■ What to do ■
Retype all data exactly as given. Pictures should not be retyped.

■ Dataset section ■
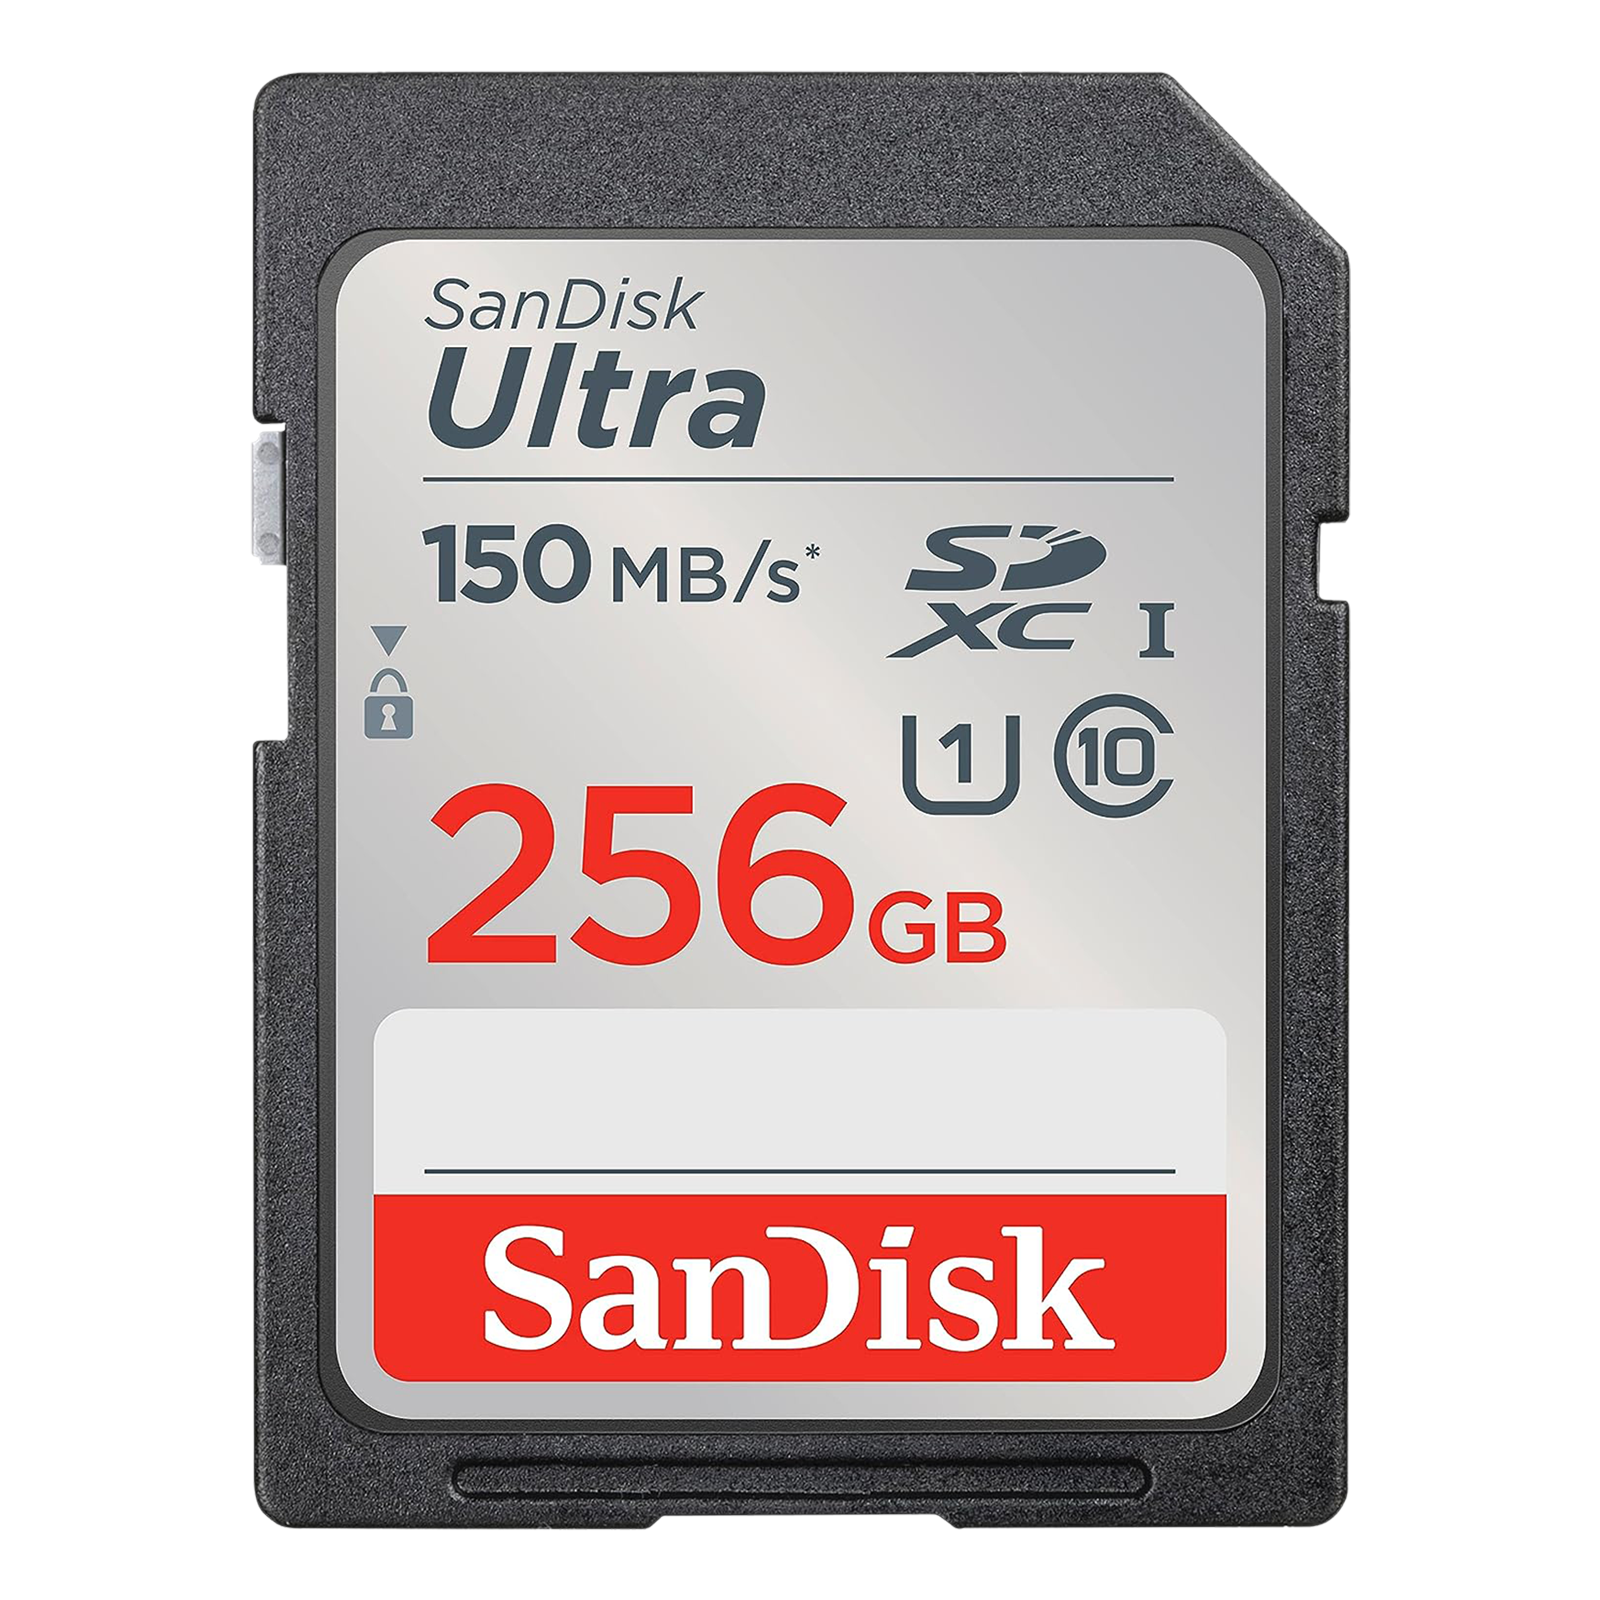 SanDisk Ultra SDXC 256GB Class 10 150MB/s Memory Card
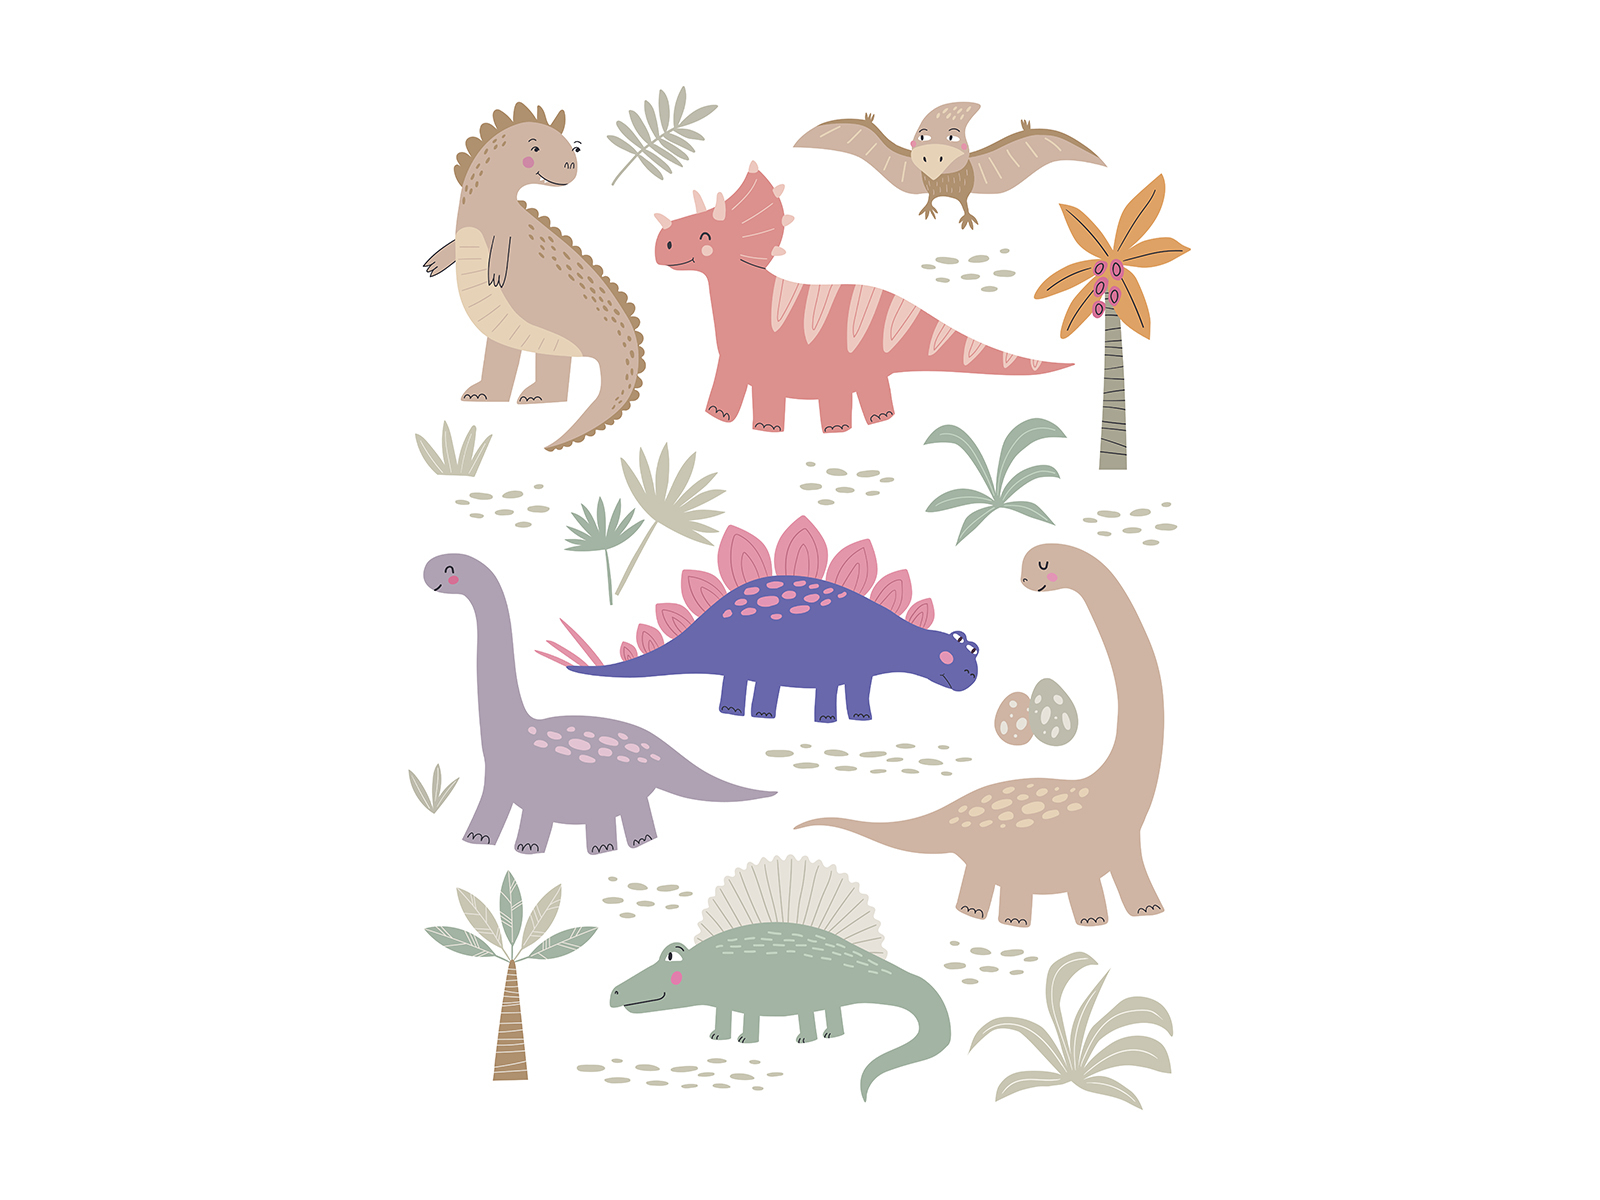 Dinosaurs illustration by Nadezhda Mikhailova on Dribbble
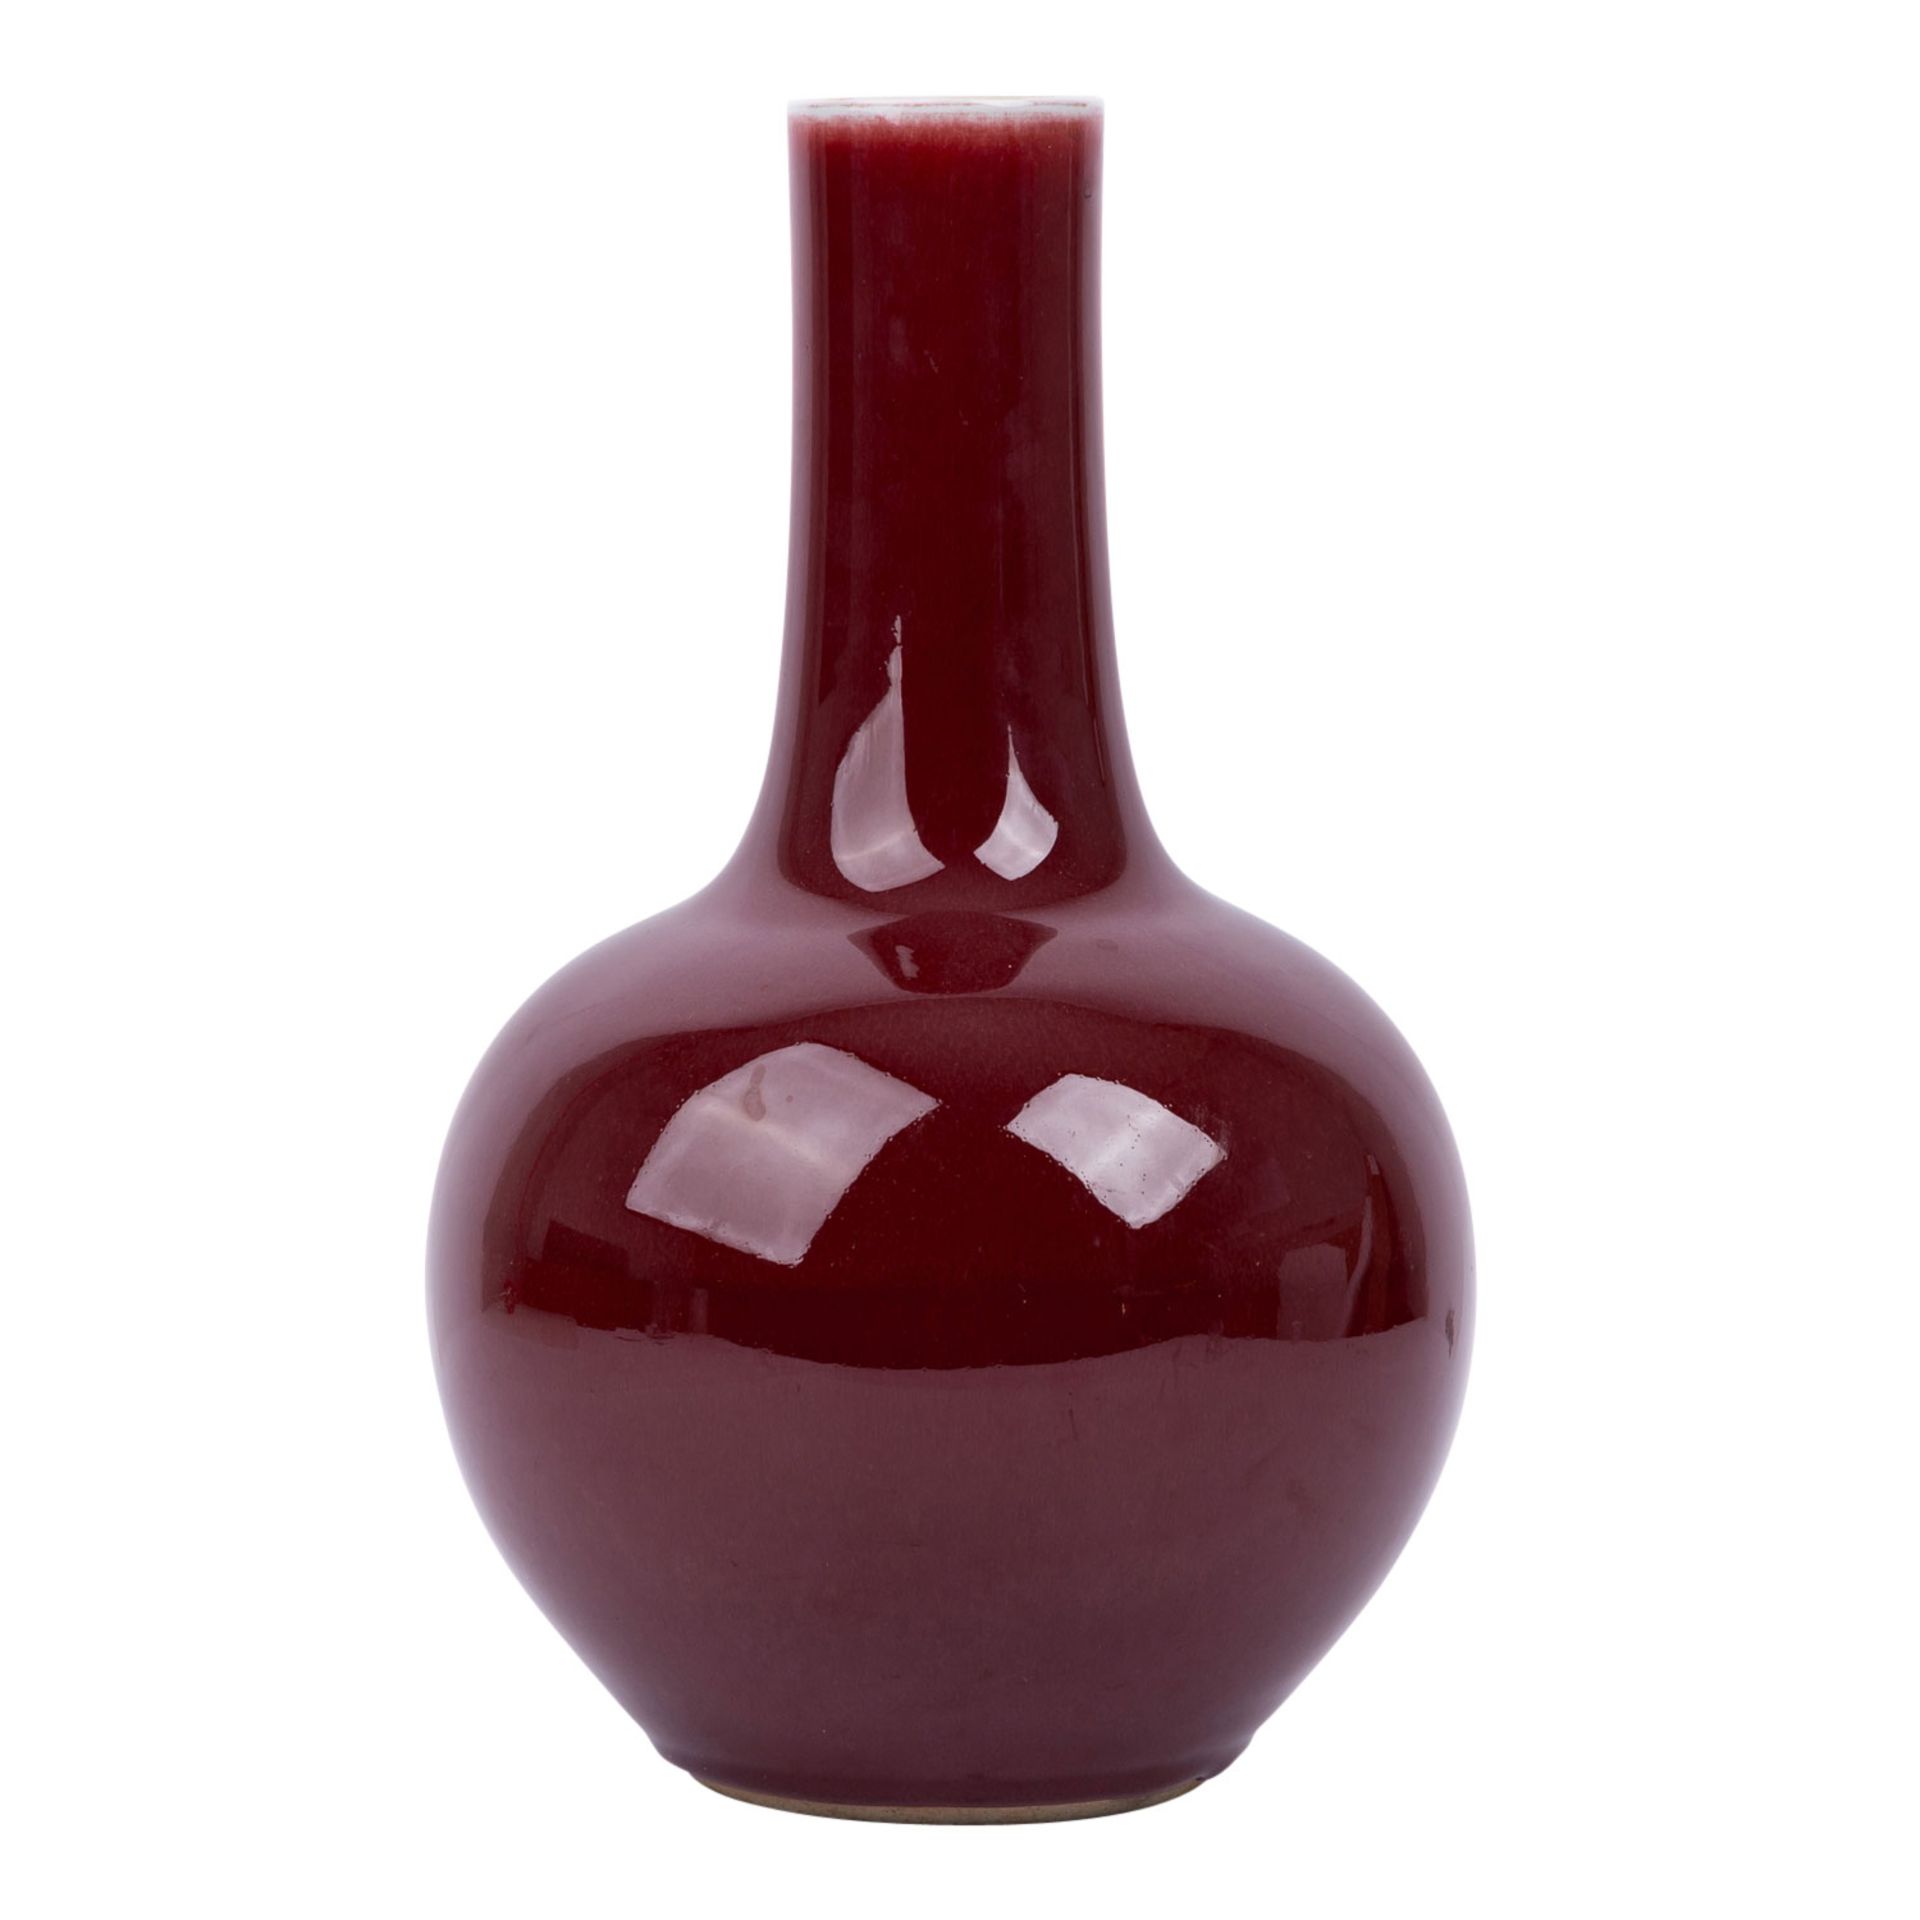 Vase aus Porzellan mit Ochsenblut-Glasur. CHINA, wohl 19. Jh. - Image 2 of 4

■ Response to the exercise ■
 SanDisk Ultra SDXC 256GB Class 10 150MB/s Memory Card
 Dinosaurs illustration by Nadezhda Mikhailova on Dribbble
 Vase aus Porzellan mit Ochsenblut-Glasur. CHINA, wohl 19. Jh. - Image 2 of 4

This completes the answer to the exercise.